Chapter 2 Discrete Bayesian models

A model is a machine for simulating data. We hope that the data we simulate is a realistic, or approximately realistic, copy of some part of the real world. In probability and statistics we use random models, meaning that if we use the same model twice we won’t generate the same data.

The reason for using a random model is that we can express our level of certainty. We don’t know exactly what will happen, so instead we create a model that includes a range of possibilities, along with a description how likely these different possibilities are. If we have a high level of certainty then we might choose a model in which the likely outcomes are very similar to each other. If not, we might choose a model in which the likely outcomes span a wide range of possibilities.

We usually allow our models to have parameters. Parameters are ‘input’ values that we can use to control how a model behaves, and we try to choose them in a way that makes our model best reflect reality.

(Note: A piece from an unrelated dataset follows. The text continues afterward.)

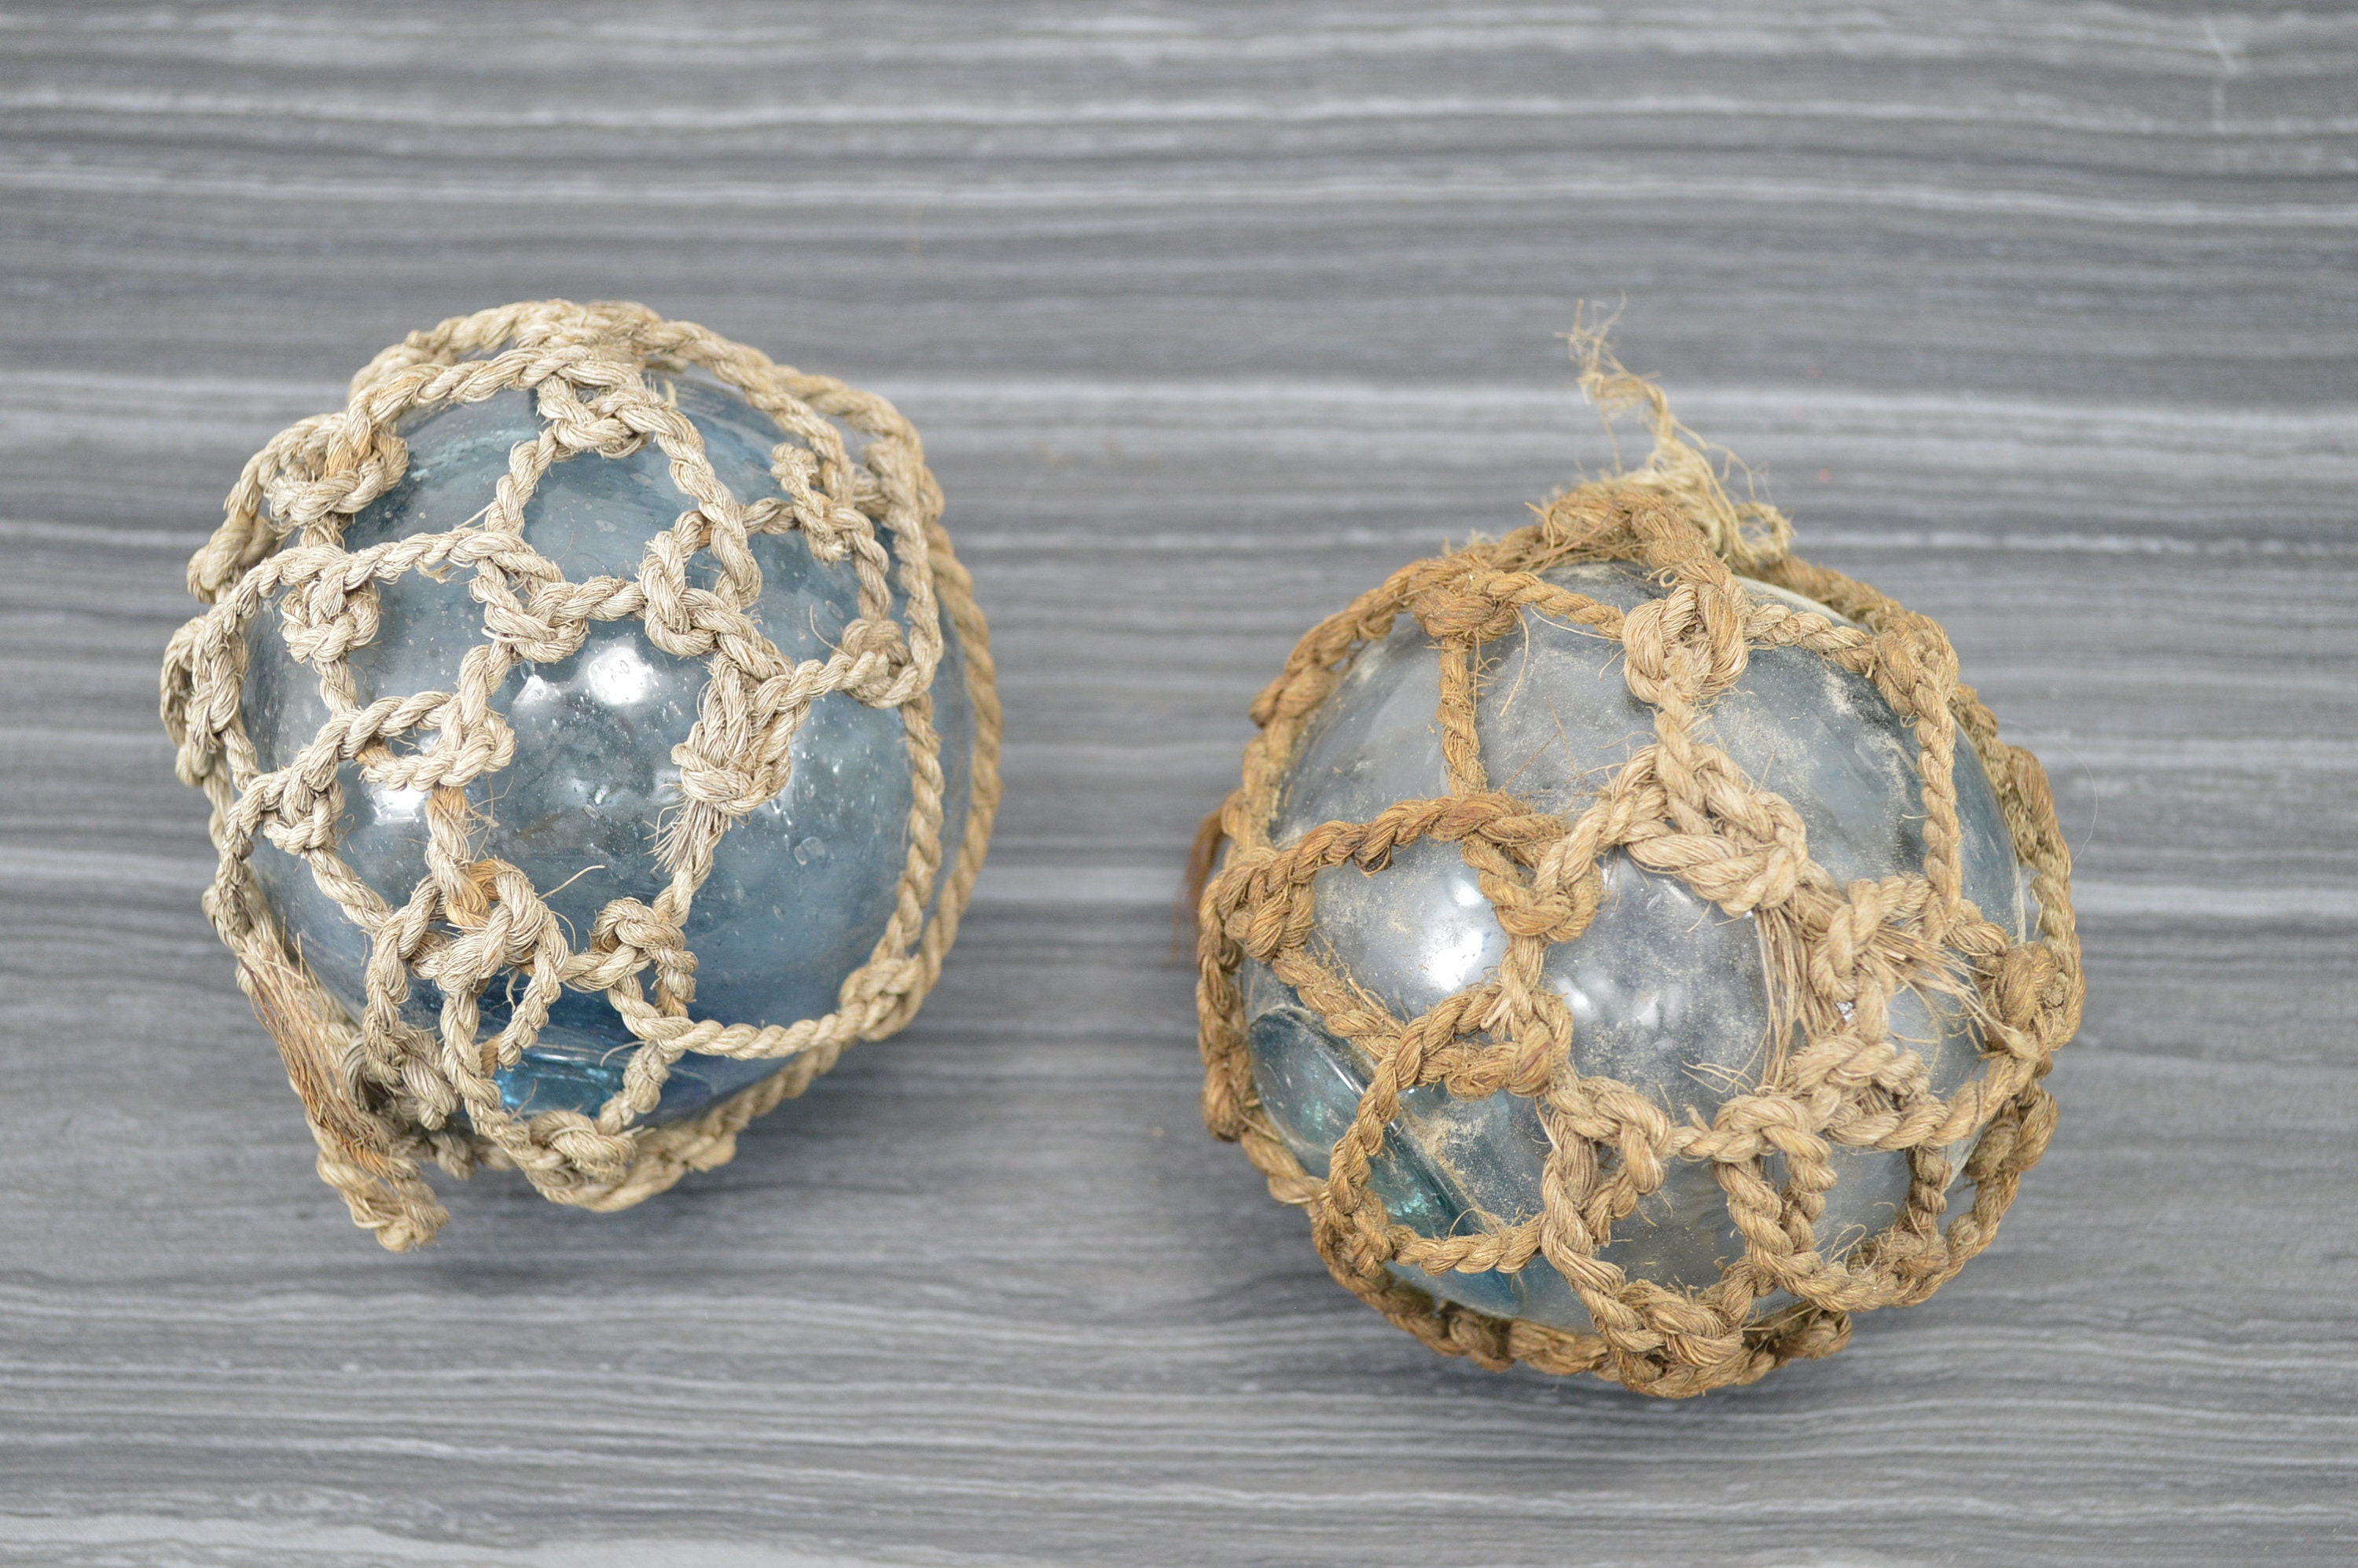 2.5 Japanese Glass Floats w/ Netting, Vintage Fishing Buoys From Japan,  Authentic Glass Balls Once Used On Nets By Commercial Fisherman

2.1 Models with random parameters

We are often confident in our choice of model, but we are almost never certain what the best choice of parameters is. In that situation, we usually do have some degree of confidence in which parameter values should be used. How should we communicate that information? One way is to use random variables for the parameters, as we did in Section 1.7. If we have a high level of certainty in which parameter values should be used, then we will choose a random variable in which the likely outcomes are all very similar parameter values. If not then we choose a random variable in which the likely outcomes span a wide range of different parameters. The ‘parameters’ become just another part of the random model.

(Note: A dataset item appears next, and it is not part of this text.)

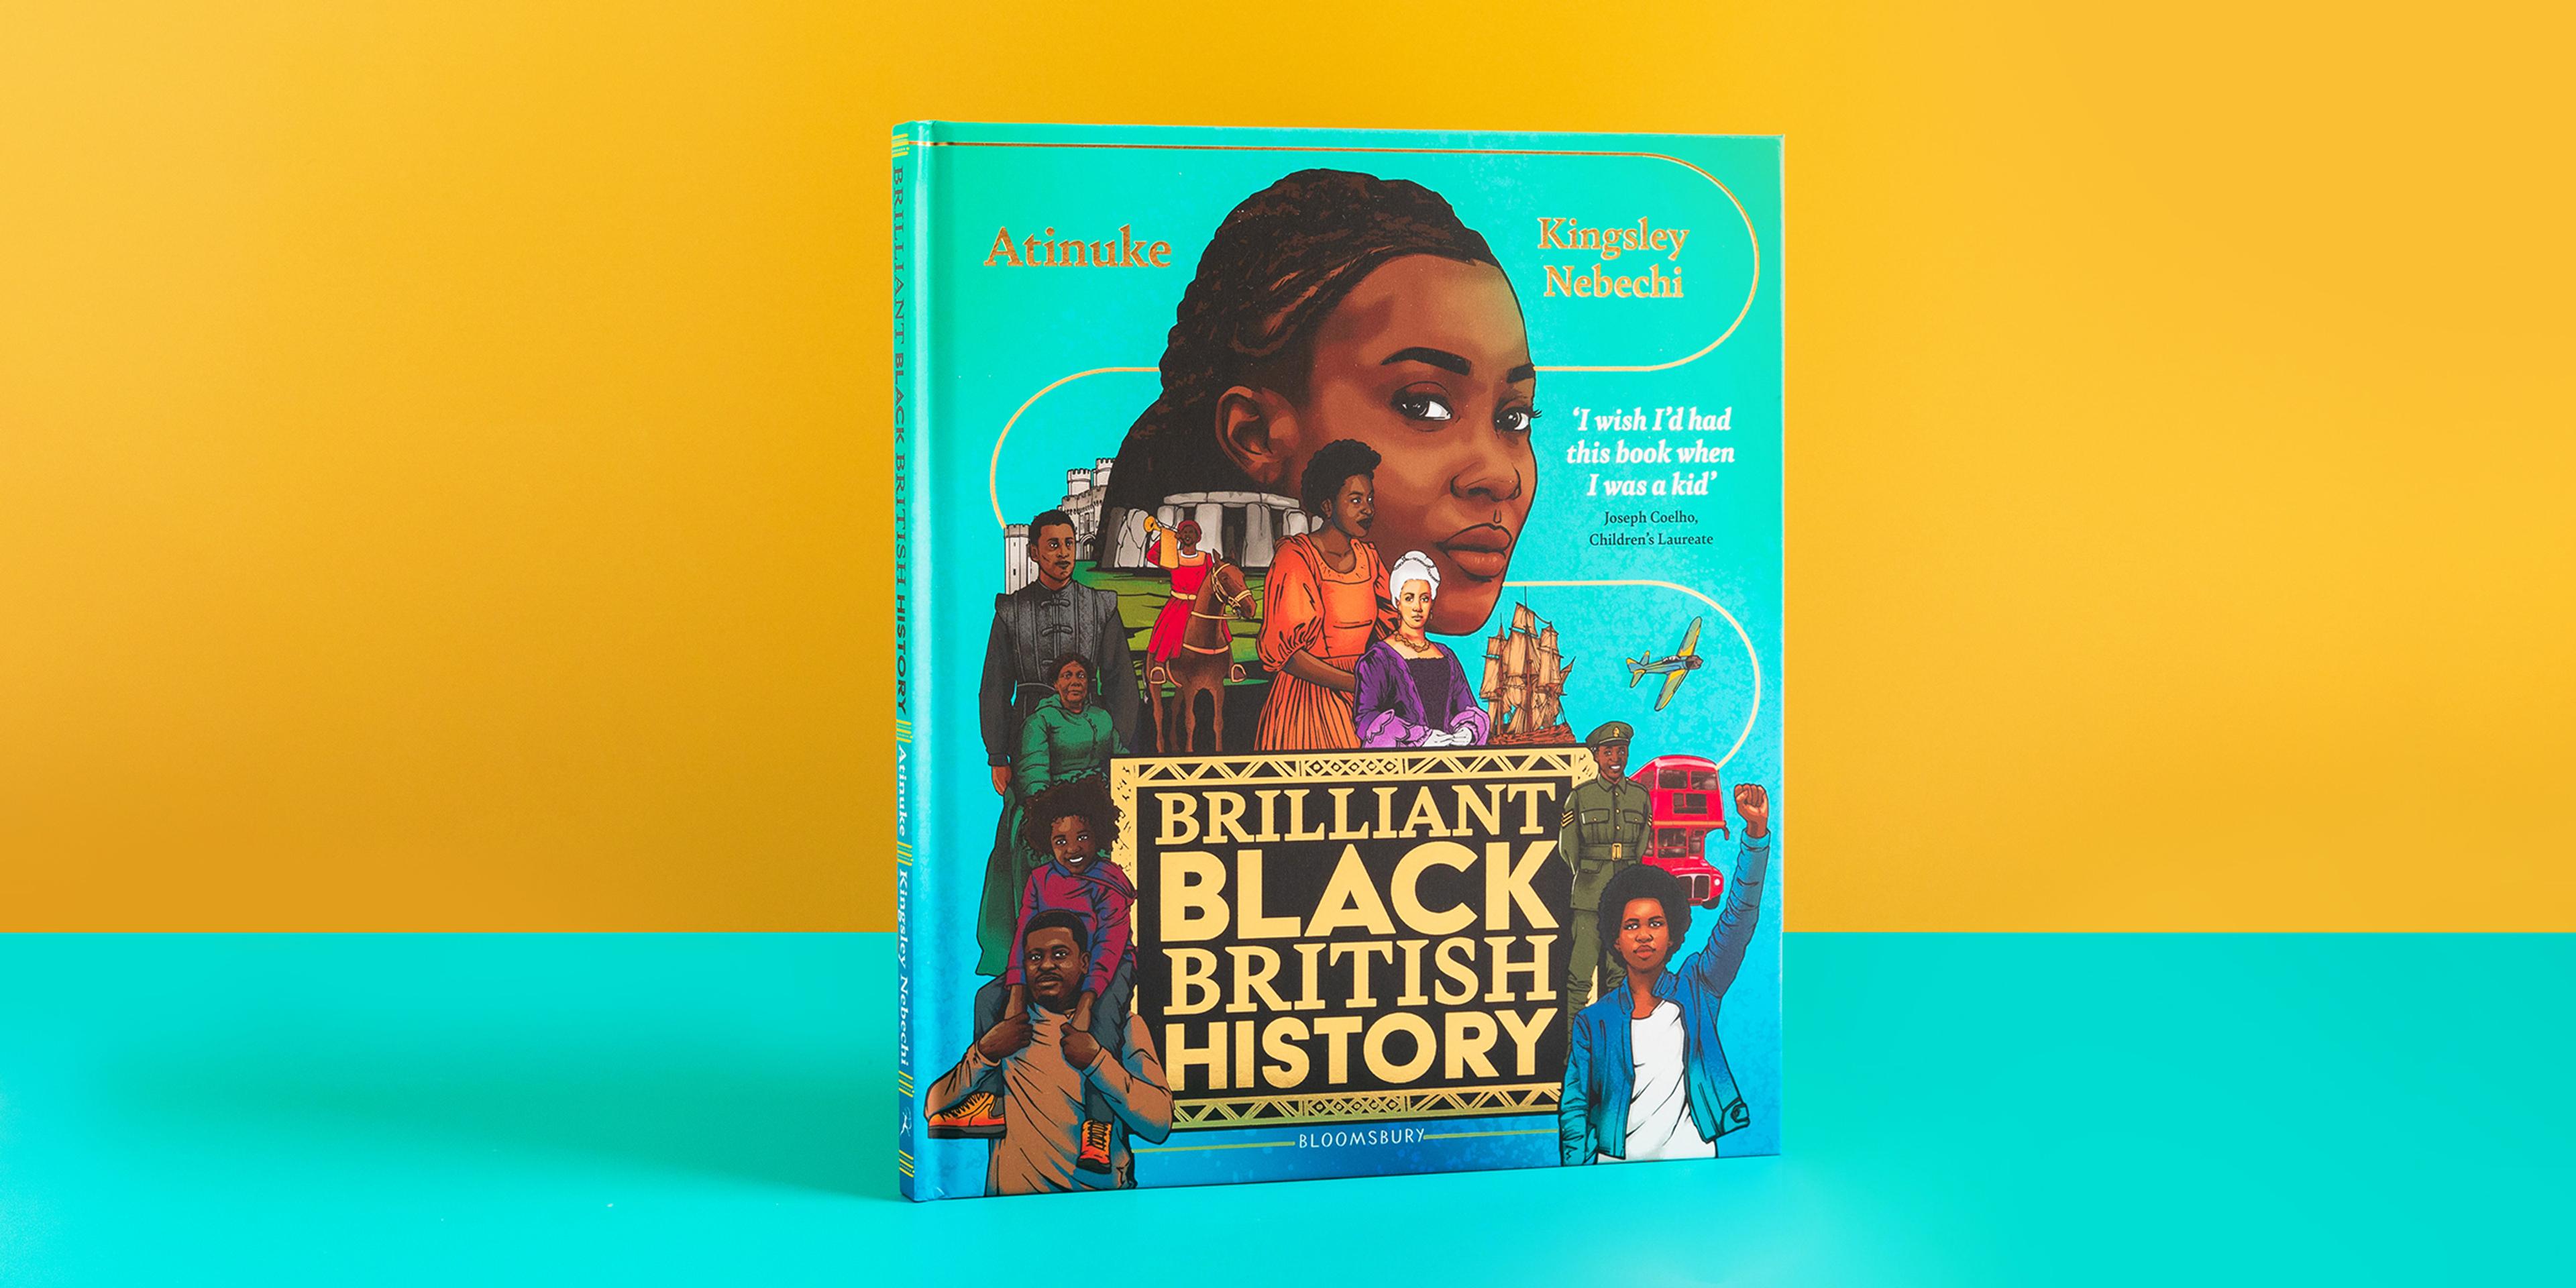 Front cover of Brilliant Black British History, featuring a number of illustrated faces and figures, arranged around the book title.

Example 2.1.1 We want to model the random number $X$ of successful experiments, out of a sequence of $10$ independent experiments, where each experiment has the same probability $p\in [0,1]$ of success. A natural form for $X$ is $\Bin (10,p)$, but we don’t know the value of $p$, so let us set $M_p\sim \Bin (10,p)$. Then $(M_p)$ is a family of distributions. We hope that one of these distributions will be a good model.

We are told (by a scientist colleague, say) that a reasonable estimate for $p$ is $p\approx \frac 15$, but they don’t seem very confident and for now that is all we know. We decide that our model for $p$ will be a random variable $P\sim \Beta (2,8)$, which has $\E [P]=\frac 15$ and probability density function
$\seteqnumber{0}{2.}{0}$
\begin{equation} \label {eq:beta28_pdf} f_P(p)=\begin{cases} 72p(1-p)^7\,dp & \text { for }p\in [0,1] \\ 0 & \text { otherwise.} \end {cases} \end{equation}

The decision here to use $\Beta (2,8)$ is a bit arbitrary – we will spend a large part of this course thinking about how to make such choices well! It is only meant here as example of the type of model that we will be interested in. We have chosen a distribution with range $[0,1]$, which is the set of possible values for $p$, and with most of its mass within the region $p\approx \frac 15$ that was suggested to us.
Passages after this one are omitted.